Settlement of lobbyist Kevin Sloat’s case falls short, key lawyer says

SACRAMENTO -- An attorney who aided an investigation that resulted in fines against lobbyist Kevin Sloat said the settlement of the matter approved Thursday by the state Fair Political Practices Commission falls short and fails to address some of the most serious allegations involving elected officials.

“It’s not sufficient,” attorney Jesse Ortiz. “I think Mr. Sloat should be held accountable for all of his actions and not just some of them, which is what the FPPC decided to do.”

Ortiz represents Rhonda Smira, a former employee of Sloat’s lobbying firm who sued the lobbyist, claiming she was wrongly fired after complaining about illegal gifts and campaign contributions being made by the firm to a large number of members of the Legislature.

The lawsuit triggered an FPPC probe, and the panel Thursday approved a settlement that fines Sloat and his firm $133,500.


“With this case we have a proposed record lobbying-case fine,” Gary Winuk, the FPPC enforcement chief, told the commission. “We’ve increased our enforcement on the issue of lobbying.”

Commissioner Gavin Hachiya Wasserman noted that the case involved “quite a few” fundraisers.

Sloat admitted to making improper campaign contributions to 37 politicians in the form of expensive wine, liquor and cigars provided at fundraisers, as well improperly arranging gifts including sports tickets for three officials.

The elected officials who received improper contributions, including Gov. Jerry Brown, Senate leader Darrell Steinberg and Assembly Speaker John Perez, are receiving warning letters after FPPC investigators determined they did not know that Sloat covered some fundraising expenses.


But the settlement makes no mention of other allegations in the lawsuit, including one that Sloat represented a Northern California Native American tribe and “hosted countless legislators, legislative staff and administrative staff on expensive golf outings on the tribe’s golf course.” Smira alleged in the lawsuit she made many of the arrangements herself.

Winuk said his investigators looked at that issue. “There were no violations by Mr. Sloat or his firm related to Yocha Dehe golf games,” Winuk said.

The lawsuit also alleges that a state assemblyman received an unreported gift when Sloat “made arrangements” with a Cuban artist to sell the lawmaker a painting at a “deep discount from the asking price” The art was sold at “nearly 50% below the asking price,” the lawsuit alleged. “The price was not available to any member of the general public.”

Ortiz said the lawmaker who bought the painting from Cuban artist Javier Guerra is Assemblyman Isadore Hall III (D-Compton) and that it should have been reported as a gift.

Hall declined comment on the allegation. Winuk said there was insufficient evidence of a violation. “We’re not investigating that any further,” he said.

Responded Ortiz: “I’m disappointed they are not pursuing it. I understand when things are settled that there is give and take from both sides, but here the FPPC fell short of what they were charged with doing.”

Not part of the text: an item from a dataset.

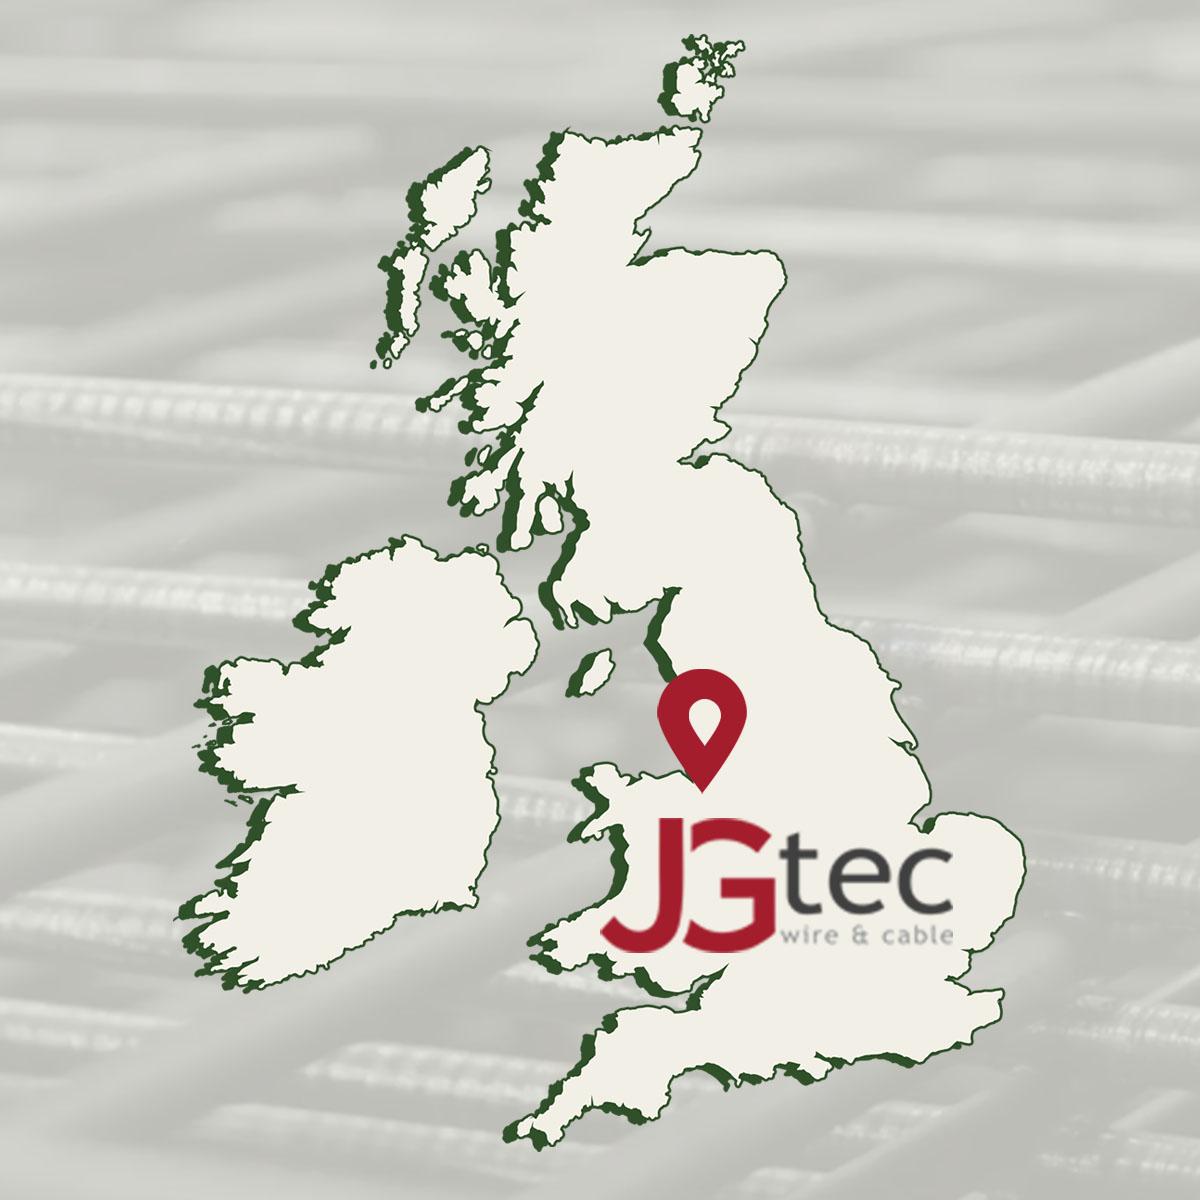 VARO_jgtec_map

The settlement also makes no mention of an allegation in the lawsuit that an unidentified “Senator A” received help from Sloat attending a San Francisco 49ers-New York Giants playoff game, including free access to the field. Lobbyists are prohibited from arranging gifts or favors for elected officials.

Steinberg (D-Sacramento) said he bought tickets for himself and his family to attend the playoff game, and that access to the field was arranged by the 49ers. The team was a client of Sloat’s until it recently dropped him as its lobbyist.


The 49ers contend that there is no monetary value to a field pass, because it cannot be bought, and therefore it need not be reported as a political gift.

“We’ve been led to believe he [Steinberg] is the ‘Senator A’ referred to, even though certain assertions are inconsistent with the facts,” said Rhys Williams, a spokesman for the senator.

Winuk said that his investigators looked at the allegations and will not be pursuing any action. “There was no evidence that supported a violation of the law,” he said.

Ortiz said he will continue his investigation as part of the civil lawsuit, and that he plans to take depositions from legislators, including Hall and Steinberg.